The example of the storage medium of computer includes, but are not limited to phase change memory (PRAM), static random access memory (SRAM), moves
State random access memory (DRAM), other kinds of random access memory (RAM), read-only memory (ROM), electric erasable
Programmable read only memory (EEPROM), flash memory or other memory techniques, read-only disc read only memory (CD-ROM) (CD-ROM),
Digital versatile disc (DVD) or other optical storage, magnetic cassettes, tape magnetic disk storage or other magnetic storage devices
Or any other non-transmission medium, can be used for storage can be accessed by a computing device information.As defined in this article, it calculates
Machine readable medium does not include temporary computer readable media (transitory media), the data letter number and carrier wave of such as modulation.
It should also be noted that, the terms "include", "comprise" or its any other variant are intended to nonexcludability
It include so that the process, method, commodity or the equipment that include a series of elements not only include those elements, but also to wrap
Include other elements that are not explicitly listed, or further include for this process, method, commodity or equipment intrinsic want
Element.In the absence of more restrictions, the element limited by sentence "including a ...", it is not excluded that including described want
There is also other identical elements in the process, method of element, commodity or equipment.
It will be understood by those skilled in the art that embodiment one or more in this specification can provide for method, system or
Computer program product.Therefore, complete hardware embodiment, complete software embodiment or combination can be used in the embodiment of this specification
Form in terms of software and hardware.Moreover, it wherein includes computer that the embodiment of this specification, which can be used in one or more,
The computer-usable storage medium (including but not limited to magnetic disk storage, CD-ROM, optical memory etc.) of usable program code
The form of the computer program product of upper implementation.
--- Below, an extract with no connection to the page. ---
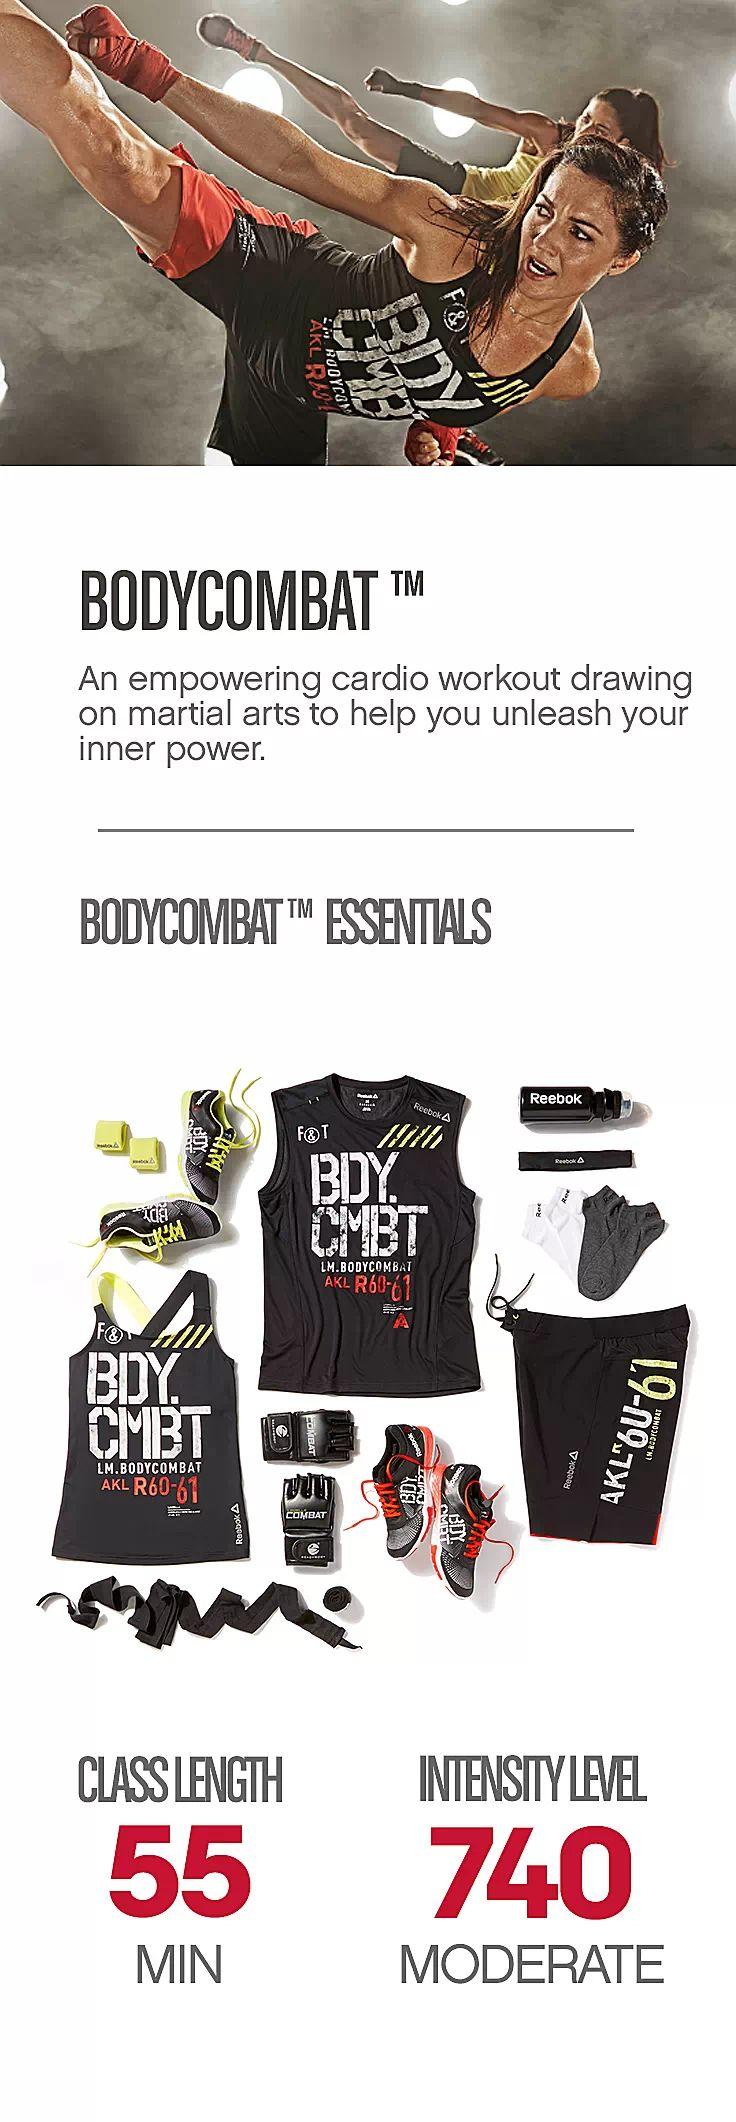 Les Mills BODYCOMBAT Essentials. - Fitness.reebok.com

The embodiment of this specification can retouch in the general context of computer-executable instructions executed by a computer
It states, such as program module.Generally, program module include execute particular transaction or realize particular abstract data type routine,
Programs, objects, component, data structure etc..The embodiment that this specification can also be practiced in a distributed computing environment, at this
In a little distributed computing environment, by executing affairs by the connected remote processing devices of communication network.It is counted in distribution
It calculates in environment, program module can be located in the local and remote computer storage media including storage equipment.